Monday, July 18, 2011

Sky News highlights foreign aid ‘industry’ in Palestinian territories

JUST JOURNALISM

Mon. 18 Jul. 2011 @ 17.31 –
Sky News correspondent highlights negative effect of foreign aid ‘industry’ in Palestinian territories, including role played by UN body for refugees.
Tim Marshall, foreign affairs editor for Sky News, highlights the role played by NGOs in the Palestinian territories in his latest blog piece for the Sky News website. ‘Palestine – ‘Occupation Incorporated’, discusses some of the negative side-effects of the proliferation of aid agencies, including over 200 NGOs, which operate in the Palestinian territories and account for 30 per cent of the territories’ GDP.
According to Marshall, ‘Palestinians are among the most foreign aid funded people in the world and the place is awash with money.’ However, he argues that the sheer level of foreign aid often serves to undermine both the quality of government and  the private sector. In particular, he states that the ‘billions that pour in’ mean that the Palestinian Authority is not fully responsible for delivering services. As well as this, NGOs cause an internal ‘brain drain’:
‘The NGOs do fine work alleviating suffering, helping projects with expertise etc, but they also recruit the best of the local talent and take advantage of their charitable status to get tax breaks.
‘No Palestinian business can compete with NGOs which routinely triple what a local firm would pay. Many NGOs fork out ‘danger money’ and even ‘hardship payments’ to both local and international staff which further undermines the local private businesses. So the NGOs get the brightest and the highest paid, and the private firms get the rest but without the tax exemptions.’
Marshall specifically draws attention to the role played by UNRWA, the UN body responsible for Palestinian refugees:
‘This underlying economic problem is further complicated by the fact that UN Relief and Works Agency for Palestine Refugees stipulates that not only are the Palestinians who fled their homes in 1948 refugees, but so are their sons and daughters grandsons and granddaughters, great grandsons and granddaughters and so on into the future.
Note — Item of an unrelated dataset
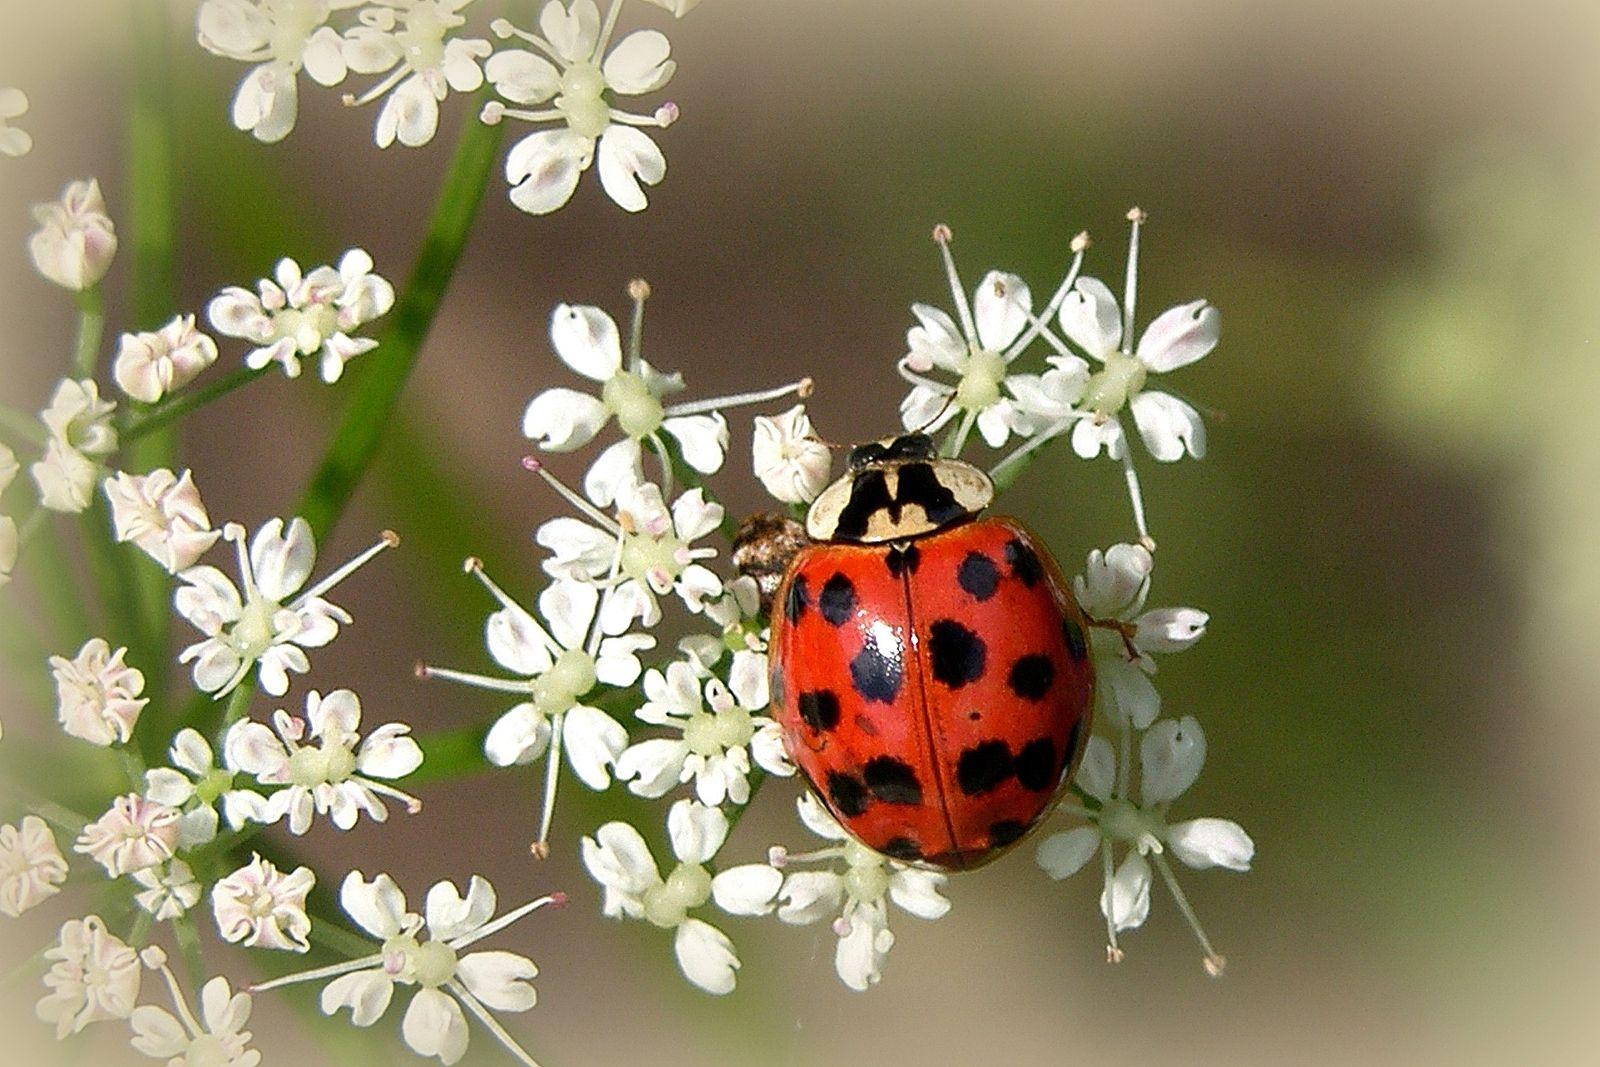 EINMALIGE VERWENDUNG Klimawandel/ Harlequin Ladybird/ Harmonia axyridis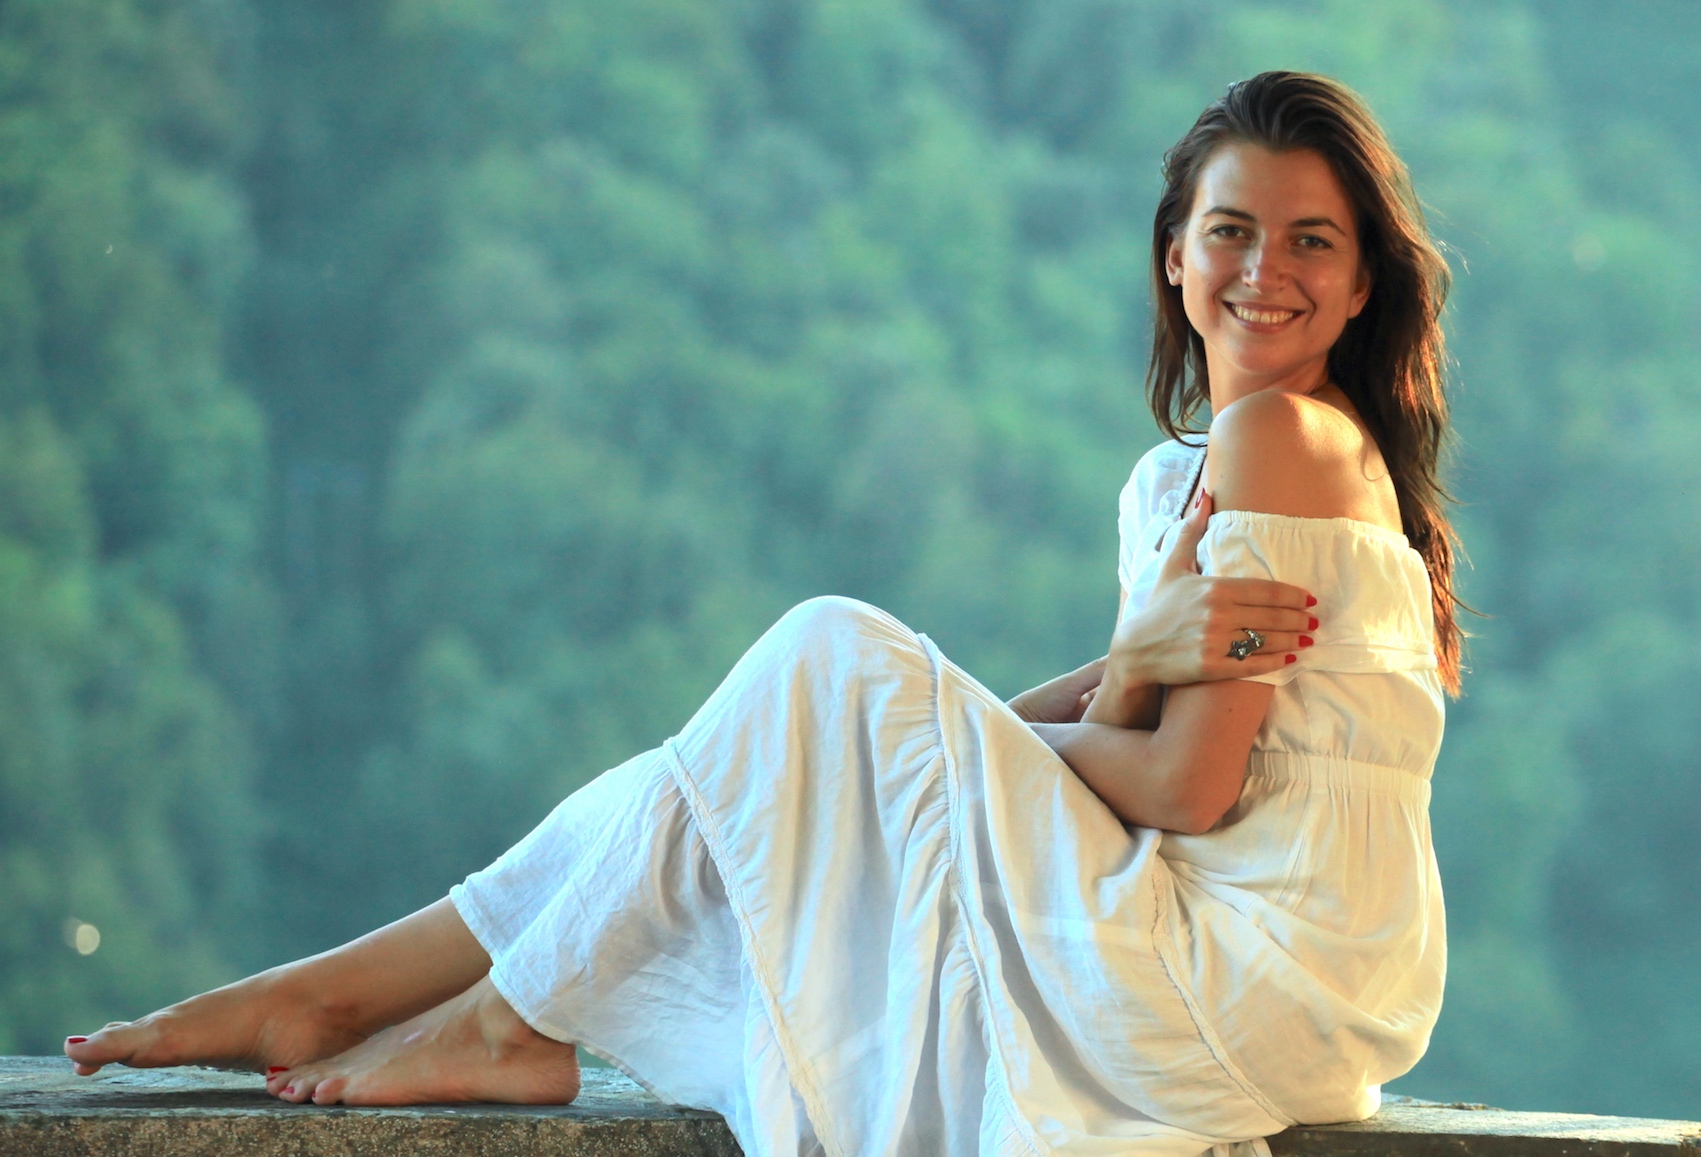 Katerina Kovanji, chanteuse mezzo soprano : talentueuse et belle !

In Palestine many people are born refugees. There are people who have a vested interest in this continuing.’
The blog suggests that the reason for the heavy NGO presence is that, contrary to public perception, the Palestinian territories are relatively safe and comfortable:
“Palestine is the best-kept secret in the aid industry,” a medical NGO worker recently told This Week In Palestine, “People need field experience and Palestine sounds cool and dangerous because it can be described as a war zone, but in reality it’s quite safe and has all the comforts that internationals want’
He notes that journalists also take advantage of the material comforts that sometimes run contrary to what might be expected – including expensive fine dining in Gaza:
‘At any moment the West Bank could explode, indeed there are scenarios you can paint which suggest violence this September after the declaration, or non declaration, of statehood. But Palestine remains a friendly place, welcoming, hospitable, full of air con, hi-fi, wi-fi and wine. Journalists also take advantage of this state of affairs, writing of the poverty and suffering of Gaza for example, before retiring to very expensive sea front hotels after an excellent dinner in one of the expensive fish restaurants.’